SOD Online decides that the pictures should be taken now so I stand with Charles Keating on my left and Victoria Wyndham on my right. I am light. I am overwhelmed. I can't believe I am here. I can't believe that I or they or this is real.

They are laughing and smiling, looking at me, asking the normal questions. I manage a few answers about places I've lived and schools I've attended when I look up at Vicky and freeze. I want to say, "Do you know I have known your face my whole life? Do you know how much I admire you? " Instead, I am speechless. There is a moment of silence sans the click of the camera. She leans a little closer, her eyes soften, and she says, "It's alright, dear."

*

They begin the chat. I look back and forth at their faces. They are animated, playing off each other and the questions AW fans have submitted. Vicky often leans close to the computer screen when answering. Charles saunters from the window to the couch, occasionally catching my gaze and winking. I am blushing. There is so much laughter. I marvel at two of the wonderful SOD online people, one who types so fast and the other who remains so calm when Yahoo keeps freezing. "Too many people are trying to log on," she says. Vicky and Charles are so excited by the turnout. Pretty good for a show that people say no one watched.

*

They stay longer than scheduled, answering as many questions as they can. The respect they have for the fans permeates every answer they give. Their love of the written word is infused with their very being. The term 'art for art's sake" constantly loops through my mind.

My mom tells Vicky as she hands her and Charles cards to autograph, "You have been in my living room longer than most of my friends or family." I hand Charles my 35th Anniversary book to sign. I whisper, "I was born on your birthday."

The Online staff join the discussion of horoscope signs as the two actors give their autographs. I then tell the room about the two funds established in honor of Another World. I tell them that I am hoping to organize a dedication ceremony next year. They say they would love to be there. They say they are so touched and honored.

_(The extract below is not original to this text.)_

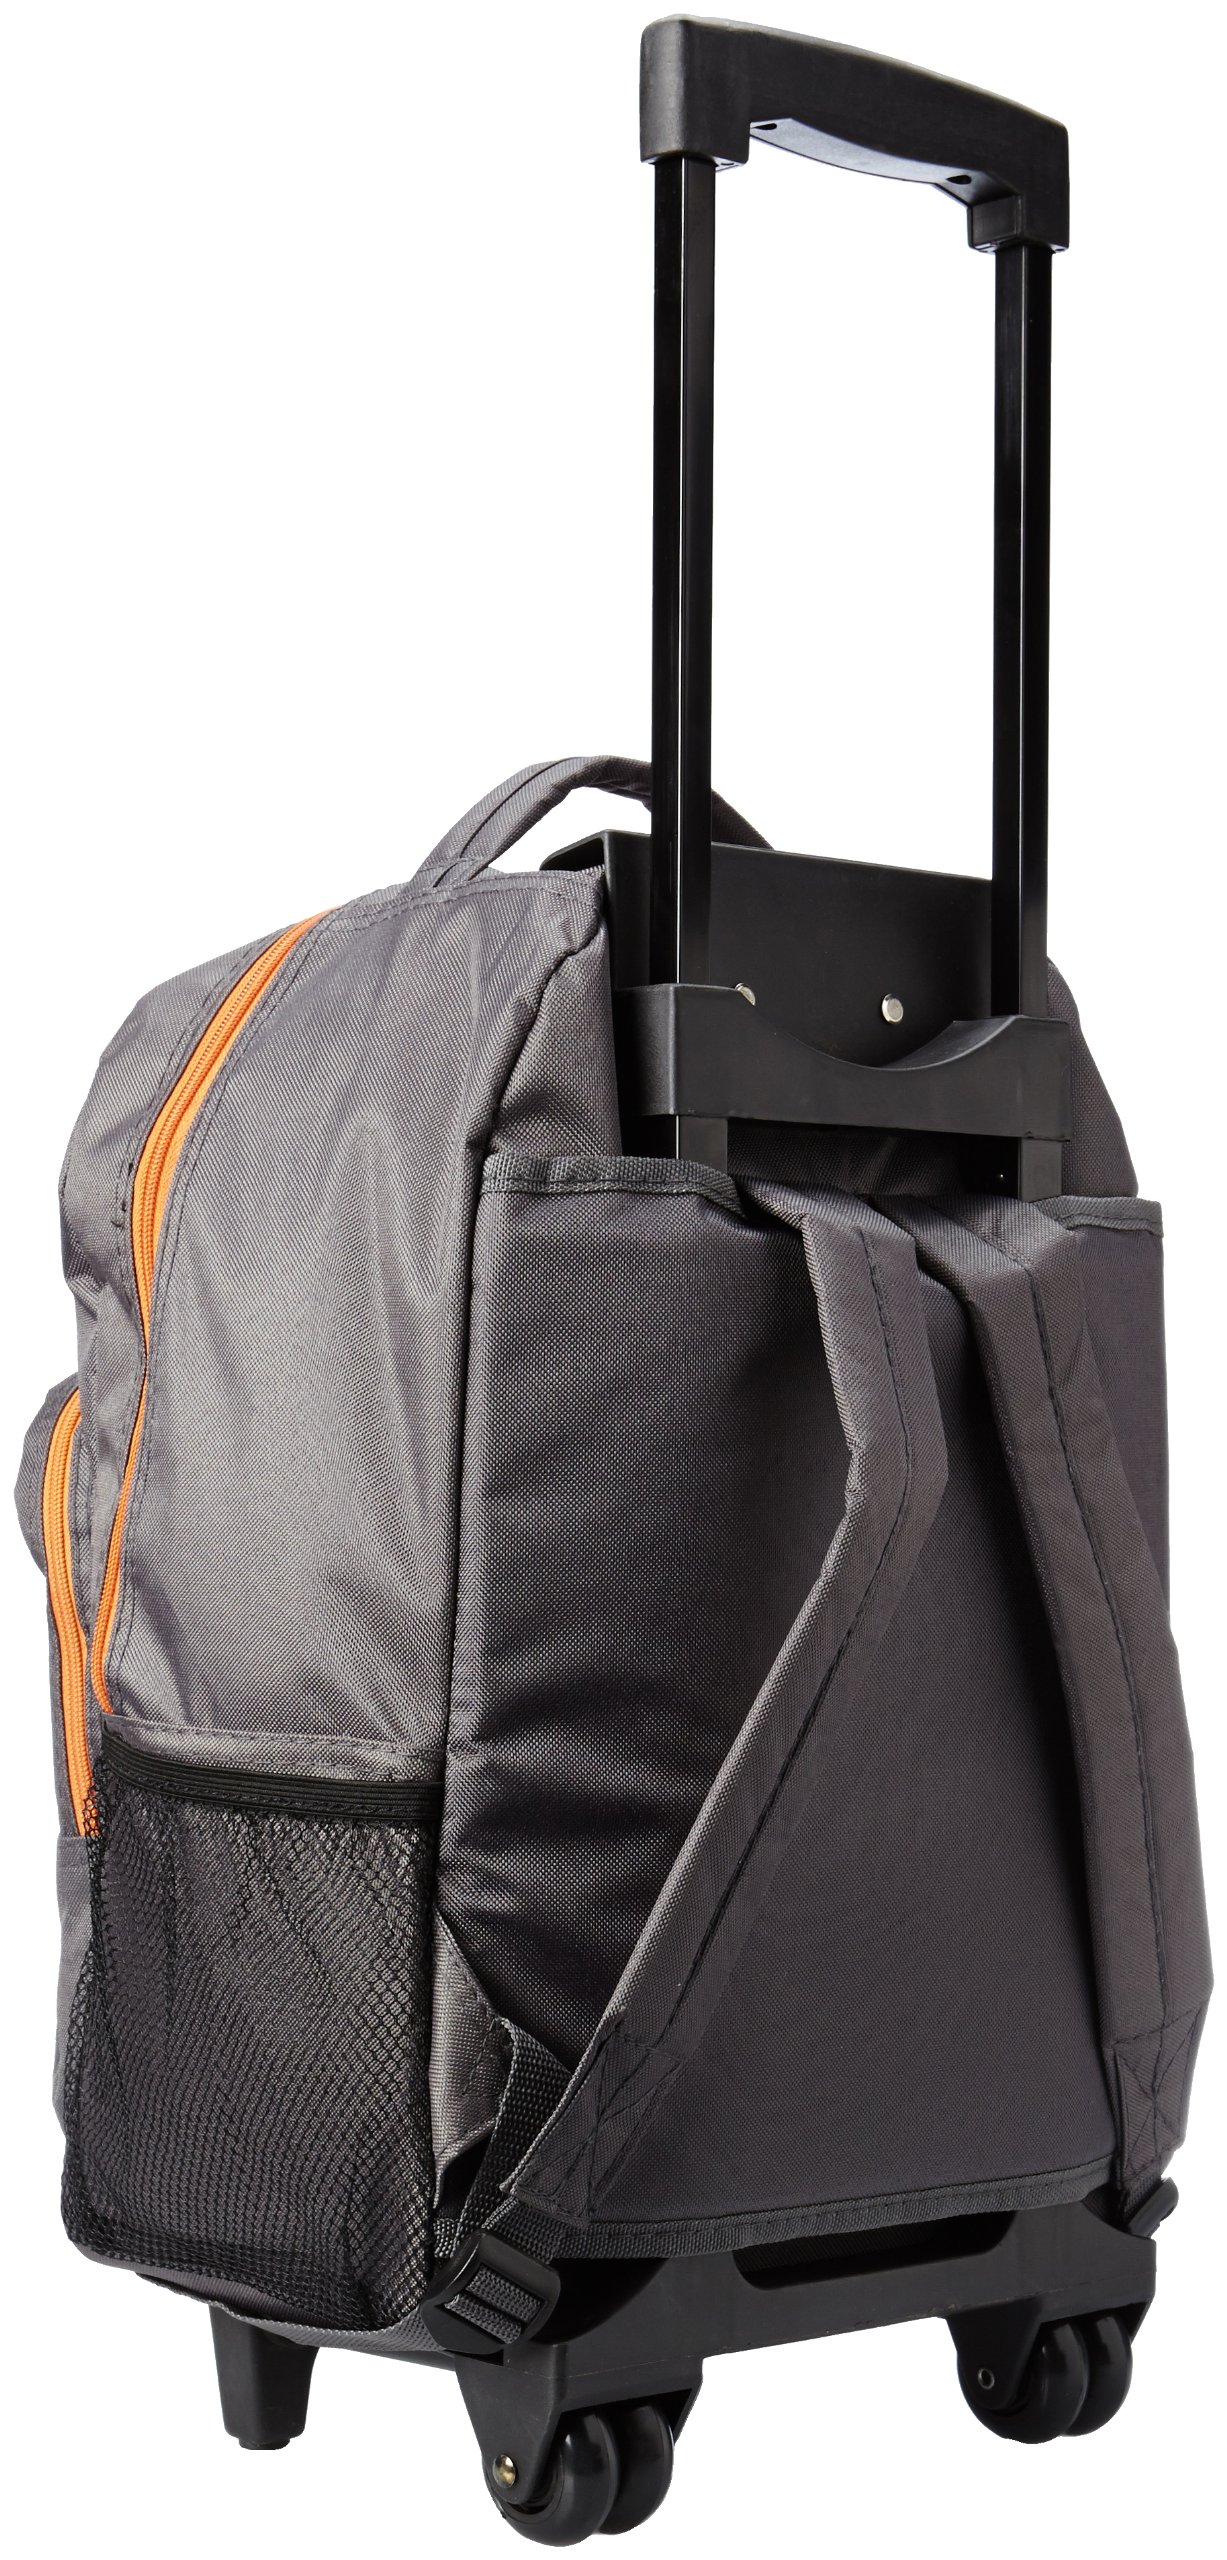 Rockland Double Handle Rolling Backpack, Charcoal, 17-Inch

I am staring at my feet now. They are preparing to leave. I can't let them leave yet. "I want to create," I say. They both reach for my hand. "NBC didn't win because they are only interested in destroying." "You," I look at both of them, "create."

*

We are in Central Park now, my mom and I. After the actors left, and we gave our appreciation and goodbyes to the Online staff, I could think of no other place I would rather be. We are sitting on the bench, the one I hope will someday belong to all AW fans. My mom carefully turns the pages of the Anniversary book. In it, Charles has wished me "a happy birthday, when it comes." I read the card Vicky signed to my mom. "Barbara, it was so nice to be in your living room all these years."

Suddenly the sadness hits me. After all is said and done, when excuses grow tired and façades begin to fade, isn't that what we all want-to have someone in our living room and to have that someone want to be there?

I wanted them to be there, and it seems they were pleased to accept the invitation. Why can they no longer come? What will be remembered of their daily entrance into each of our homes?

*

I am staring at the Manhattan skyline, resting on my heels on the sidewalk. "What did you think of the day, Mom?"

"Oh, I really enjoyed watching them," she responds. The swans in the lake gather around us in misplaced anticipation. "But I really enjoyed watching you watch them." We stare at the swans. There is silence until she says, "And you? What did you enjoy about the day?"

I want to say, "What if we never have this day again? What are we going to do, Mama, now that we don't have this thread? Will we unravel? What will we fill our silences with now?"

Instead I say, "I loved hearing you laugh."